* _Task instructions_
Repeat the listing below in full and exactly. Pictures are to be omitted.
Segment Start: Extracted data
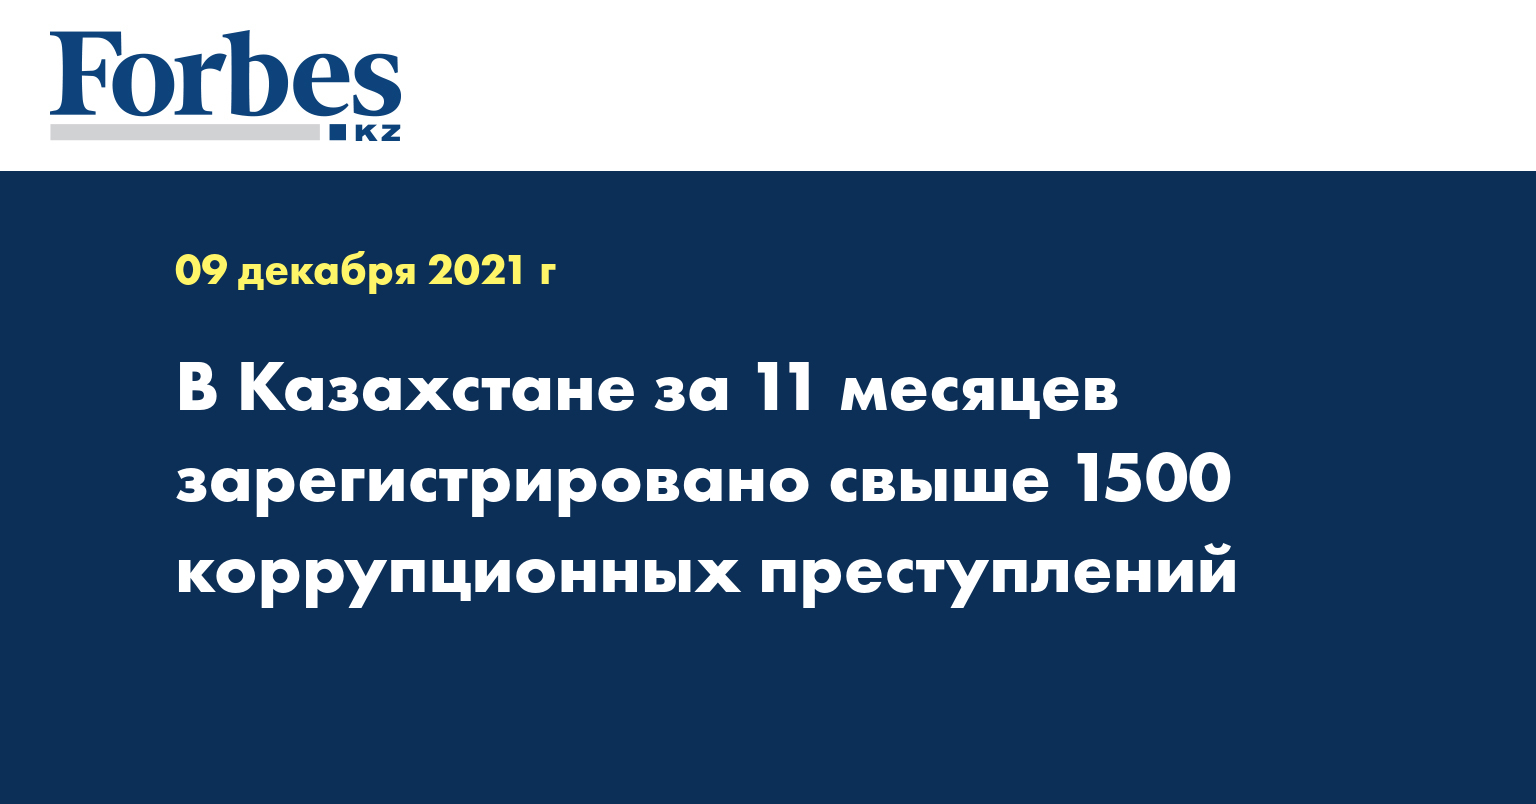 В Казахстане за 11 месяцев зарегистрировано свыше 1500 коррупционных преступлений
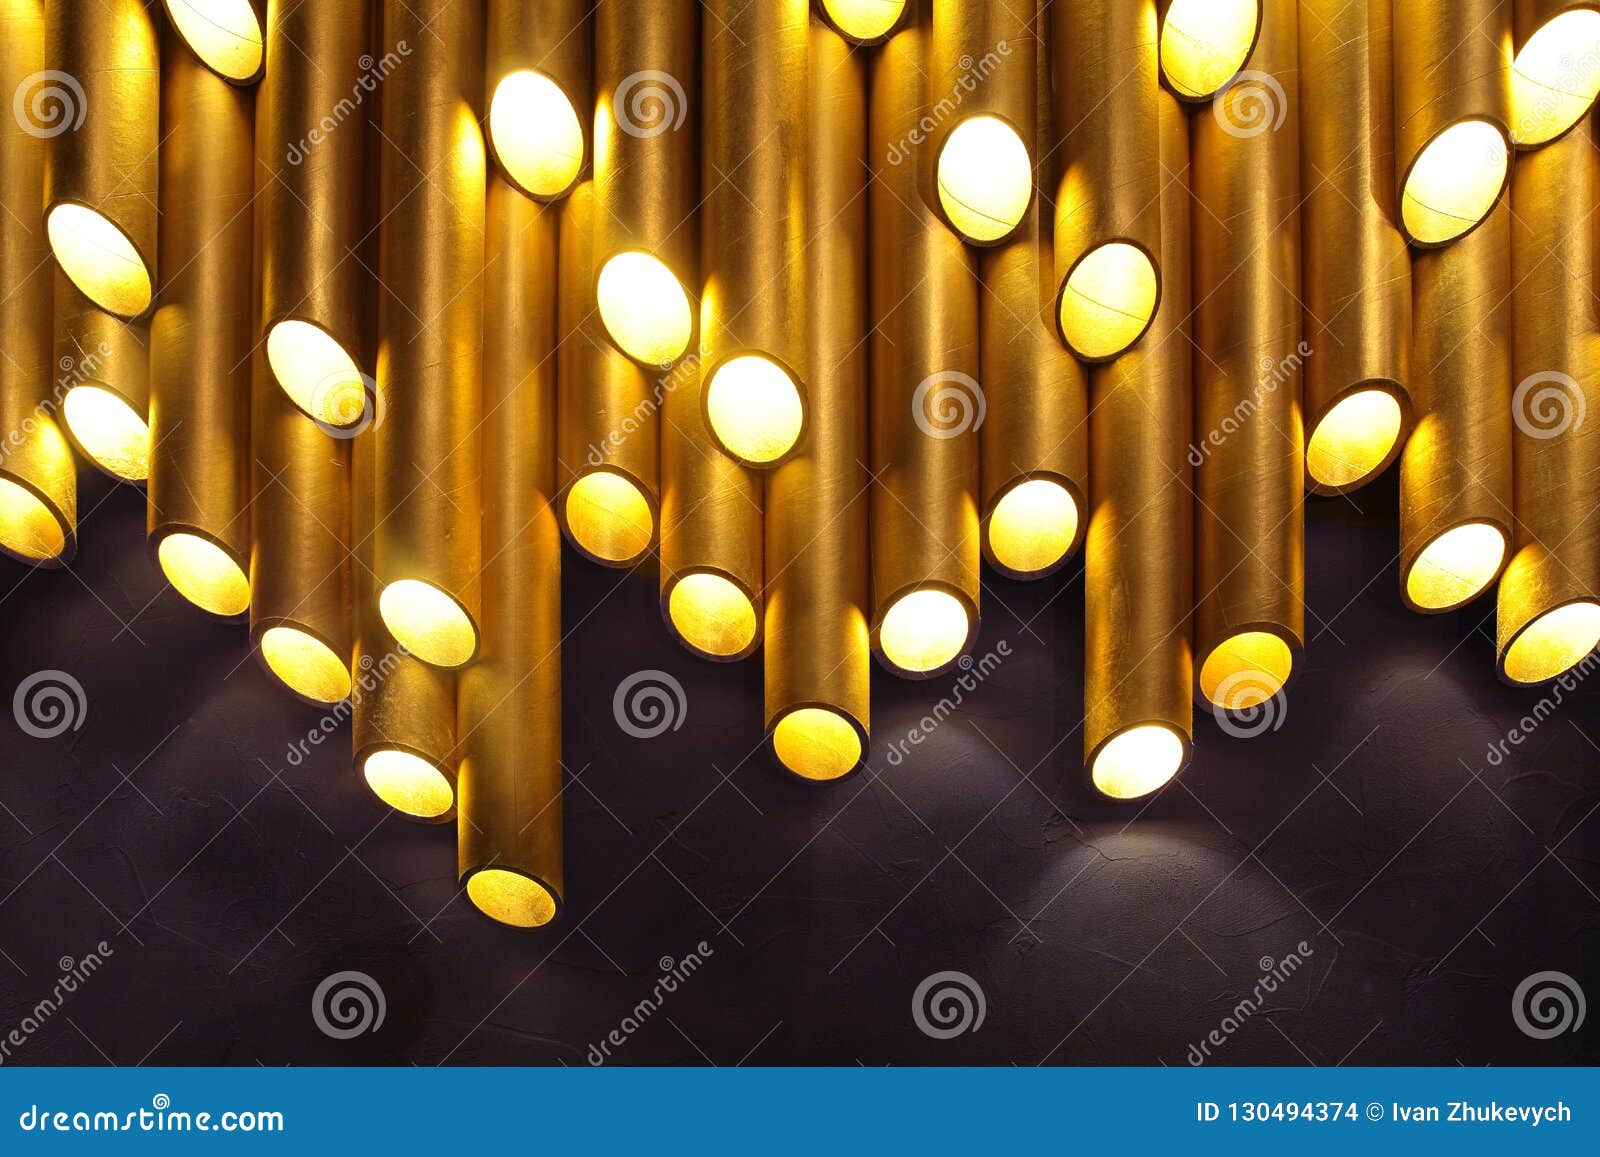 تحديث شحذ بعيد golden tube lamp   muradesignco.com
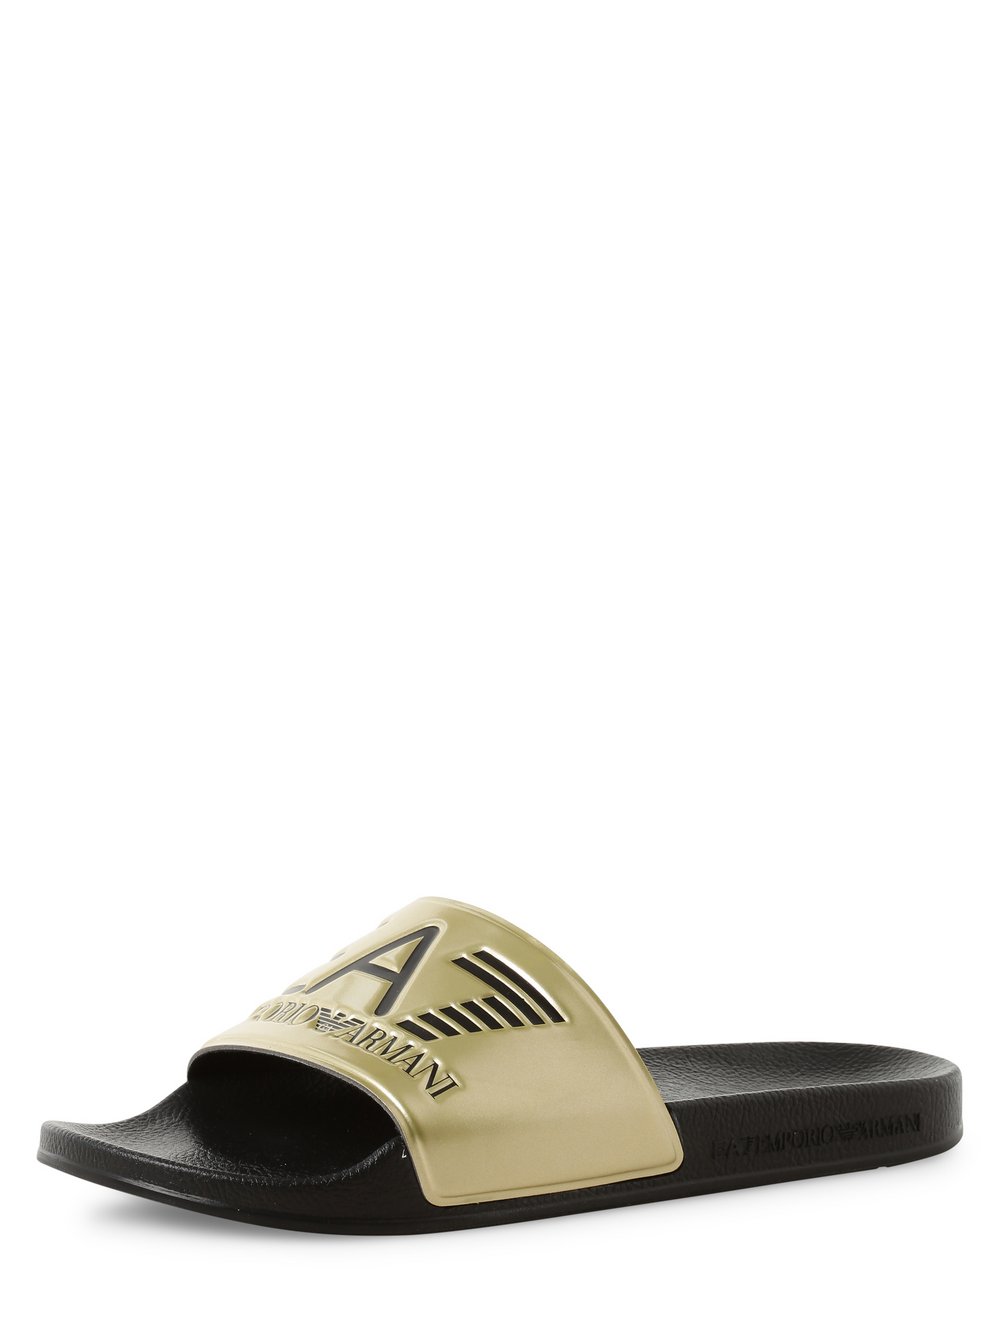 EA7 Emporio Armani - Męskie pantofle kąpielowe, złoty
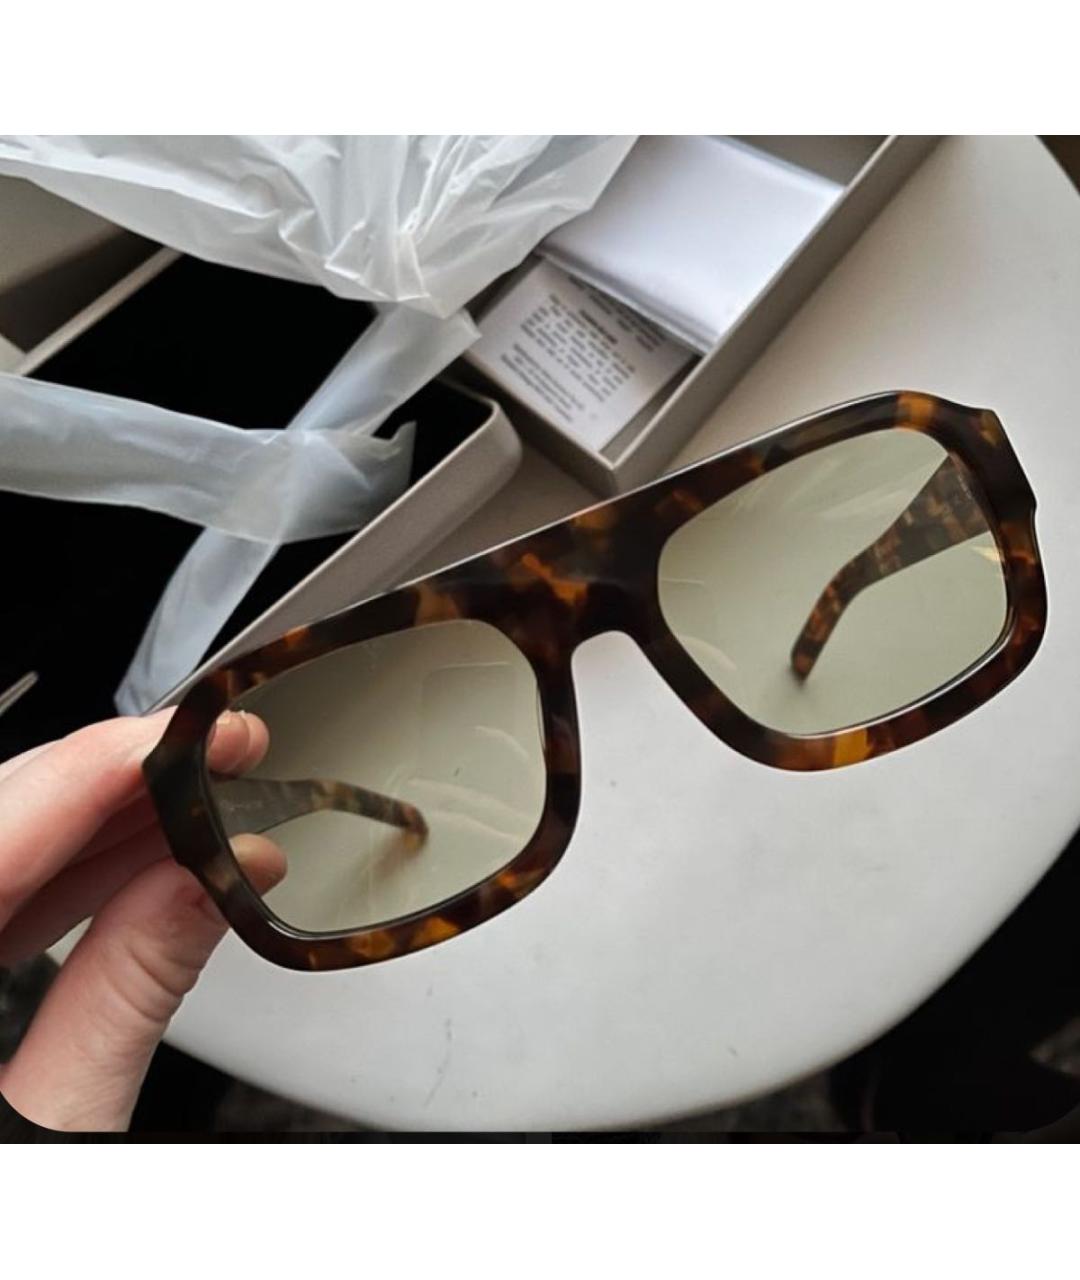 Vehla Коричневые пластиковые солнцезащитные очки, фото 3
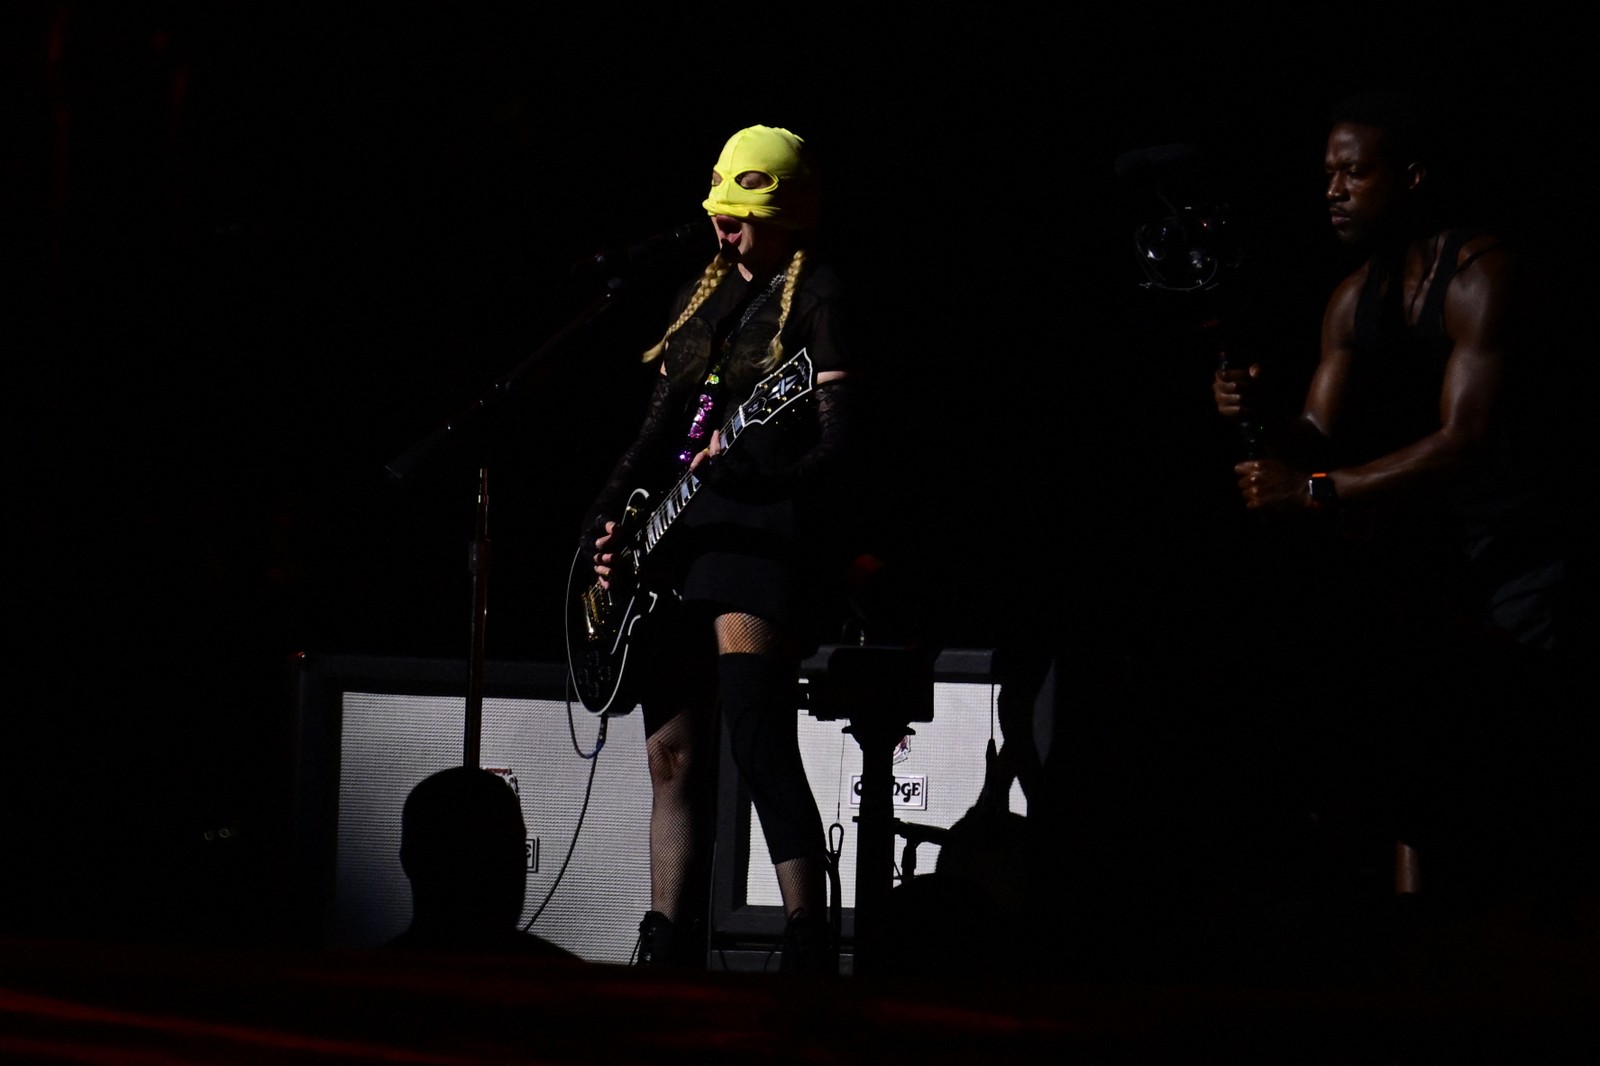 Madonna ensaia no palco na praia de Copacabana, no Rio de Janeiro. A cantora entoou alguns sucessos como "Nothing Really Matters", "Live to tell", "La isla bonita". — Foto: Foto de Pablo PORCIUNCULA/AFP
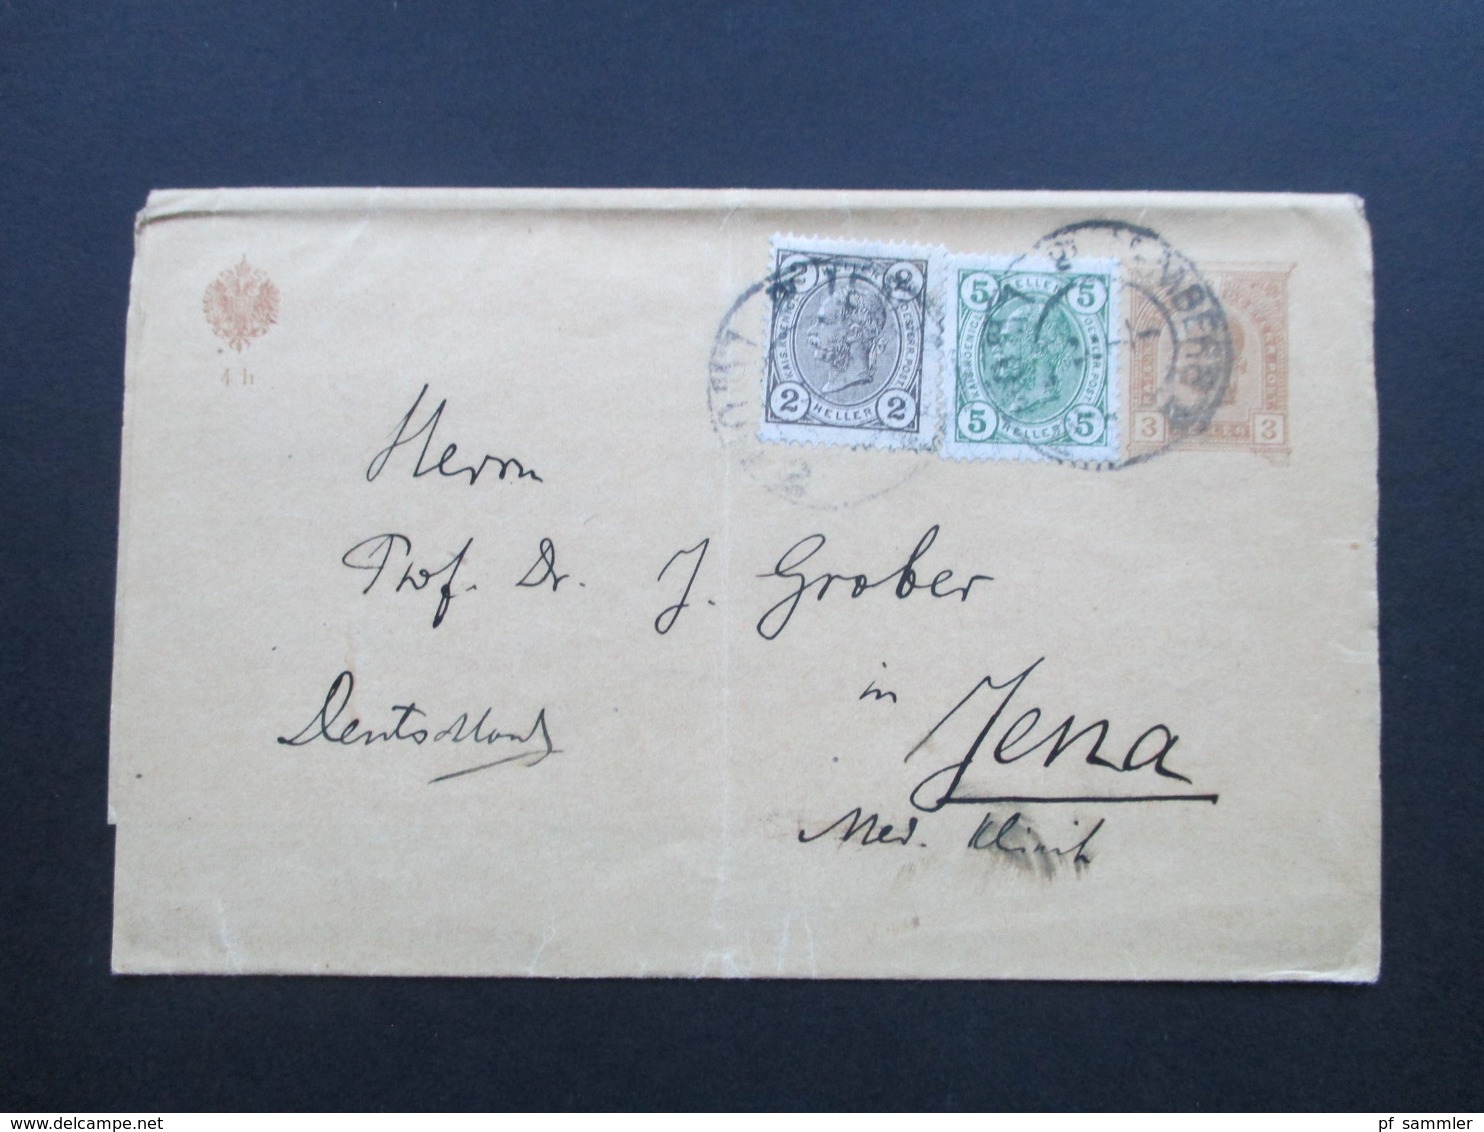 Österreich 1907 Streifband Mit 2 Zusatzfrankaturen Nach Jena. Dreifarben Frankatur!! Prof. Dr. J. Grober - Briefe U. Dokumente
Segment End: Extracted data
* _Response to this exercise_
 В Казахстане за 11 месяцев зарегистрировано свыше 1500 коррупционных преступлений
 تحديث شحذ بعيد golden tube lamp   muradesignco.com
 EA7 Emporio Armani - Męskie pantofle kąpielowe, złoty
 Vehla Коричневые пластиковые солнцезащитные очки, фото 3
 Madonna ensaia no palco na praia de Copacabana, no Rio de Janeiro. A cantora entoou alguns sucessos como "Nothing Really Matters", "Live to tell", "La isla bonita". — Foto: Foto de Pablo PORCIUNCULA/AFP
 Österreich 1907 Streifband Mit 2 Zusatzfrankaturen Nach Jena. Dreifarben Frankatur!! Prof. Dr. J. Grober - Briefe U. Dokumente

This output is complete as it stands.